Unveiling the Landscape of Smart Contract Vulnerabilities: A Detailed Examination and Codification of Vulnerabilities in Prominent Blockchains
- URL: http://arxiv.org/abs/2312.00499v1
- Date: Fri, 1 Dec 2023 11:01:06 GMT
- Title: Unveiling the Landscape of Smart Contract Vulnerabilities: A Detailed Examination and Codification of Vulnerabilities in Prominent Blockchains
- Authors: Oualid Zaazaa, Hanan El Bakkali,
- Abstract summary: In this paper, we propose the most complete list of smart contract vulnerabilities with a detailed explanation of each one of them.

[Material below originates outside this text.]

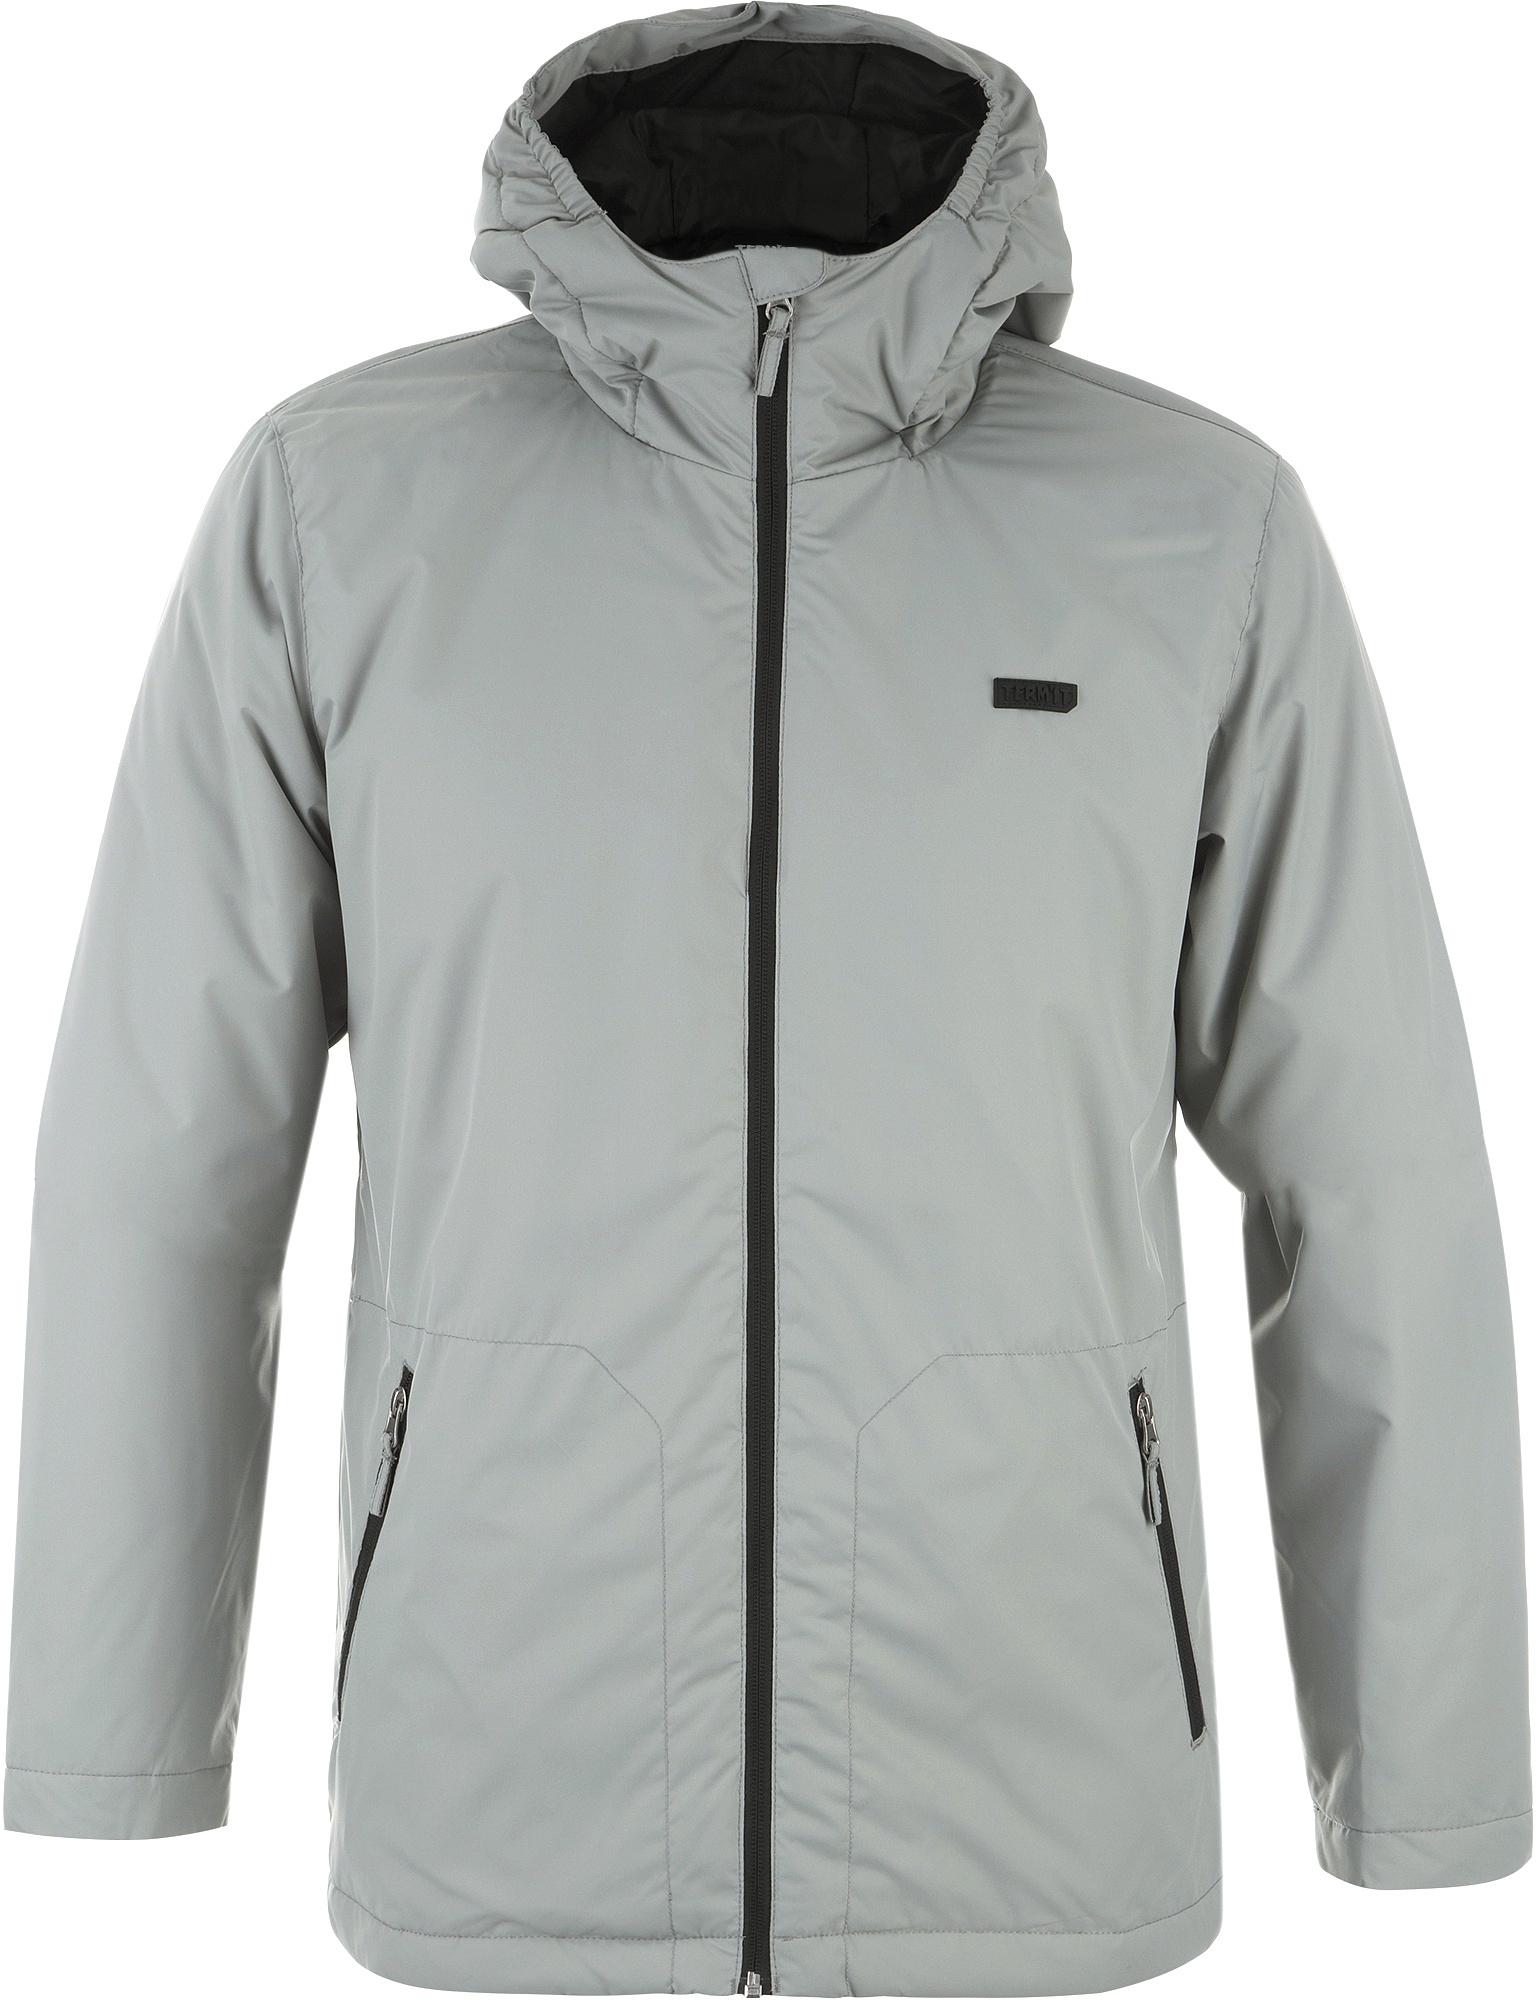 Termit Куртка утепленная мужская Termit, размер 54 куртка мужская geox цвет темно синий m8220kt2447f4386 размер 54

In addition, we propose a new codification system that facilitates the communication of those vulnerabilities between developers and researchers.
- Score: 0.0
- License: http://creativecommons.org/licenses/by-nc-nd/4.0/
- Abstract: With the rise in using immature smart contract programming languages to build a decentralized application, more vulnerabilities have been introduced to the Blockchain and were the main reasons behind critical financial losses. Moreover, the immutability of Blockchain technology makes deployed smart contracts unfixable for the whole life of the Blockchain itself. The lack of complete and up-to-date resources that explain those vulnerabilities in detail has also contributed to increasing the number of vulnerabilities in Blockchain. In addition, the lack of a standardized nomination of the existing vulnerabilities has made redundant research and made developers more confused. Therefore, in this paper, we propose the most complete list of smart contract vulnerabilities that exist in the most popular Blockchains with a detailed explanation of each one of them. In addition, we propose a new codification system that facilitates the communication of those vulnerabilities between developers and researchers. This codification, help identify the most uncovered vulnerabilities to focus on in future research. Moreover, the discussed list of vulnerabilities covers multiple Blockchain and could be used for even future built Blockchains.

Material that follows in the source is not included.